L'approche de cette production sélectionnée à Toronto et Deauville en 2016 est assez classique, dans la pure orthodoxie du biopic anglo-saxon, mais quelques facettes du portrait de l'artiste ne cessent de captiver, comme son rapport conflictuel avec son père, qui lui reproche de chanter avec une voix de femme (!), ou son complexe vis-à-vis de ses pairs afro-américains, le bienveillant Dizzy Gillespie ou l'acariâtre Miles Davis. Le caméléonesque Ethan Hawke livre comme on s'en doute, dans le rôle principal, une performance des plus respectables, allant même jusqu'à faire entendre son propre timbre sur certains morceaux – le musicien David Baird est à l'œuvre sur la majeure partie de la B.O. 

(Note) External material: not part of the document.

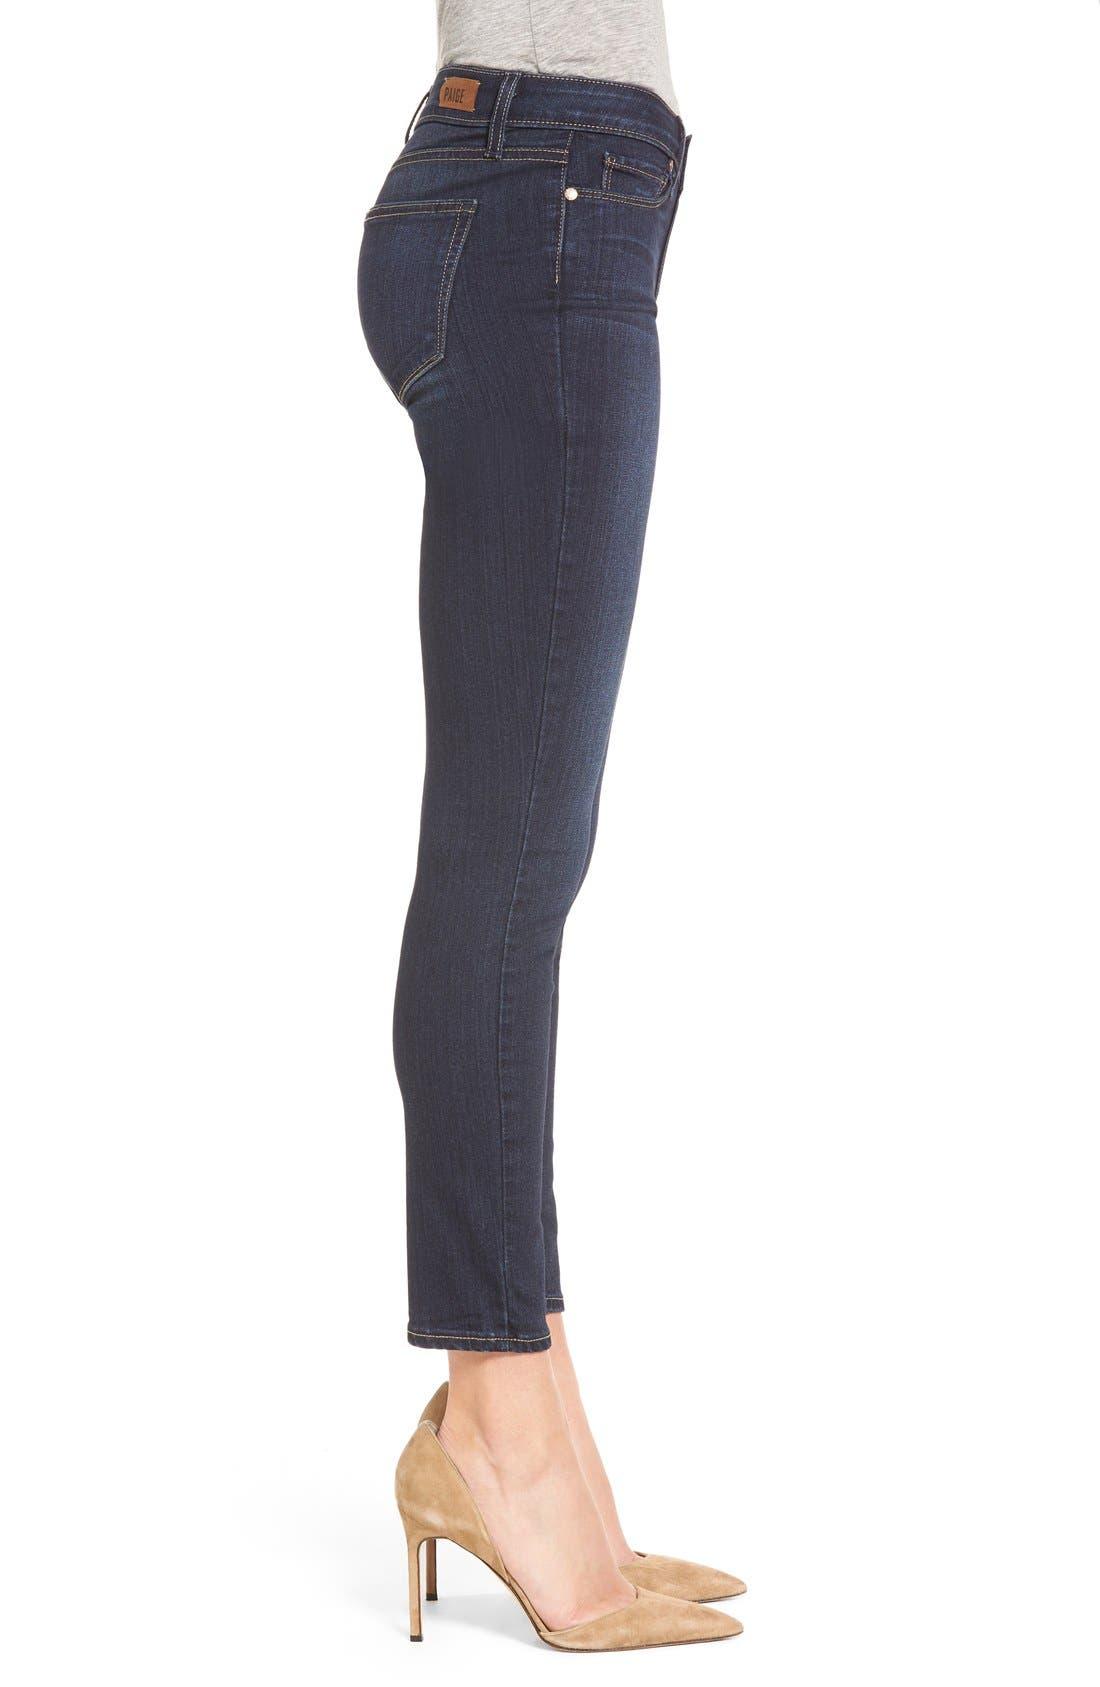 Alternate Image 4  - PAIGE 'Transcend - Verdugo' Ankle Ultra Skinny Jeans (Hartmann) (Nordstrom Exclusive)

Robert Budreau s'était déjà intéressé à plusieurs reprises à la figure du musicien, notamment à travers un court métrage également présent dans les bonus : The Deaths of Chet Baker (2009), qui revient sur le dénouement tragique d'Amsterdam et cette chute inexpliquée depuis la fenêtre d'un hôtel de l'ex-“James Dean du jazz”, alors sous l'emprise totale et démesurée de l'héroïne et de la cocaïne. Ou quand les addictions aux stupéfiants dépassent finalement celle de la musique. Let's Get Lost...

Christophe Chauville

 

Born to Be Blue de Robert Budreau, DVD (simple ou édition Deluxe) ou Blu-ray, Condor Entertainment.
Disponible depuis le 22 juin 2017.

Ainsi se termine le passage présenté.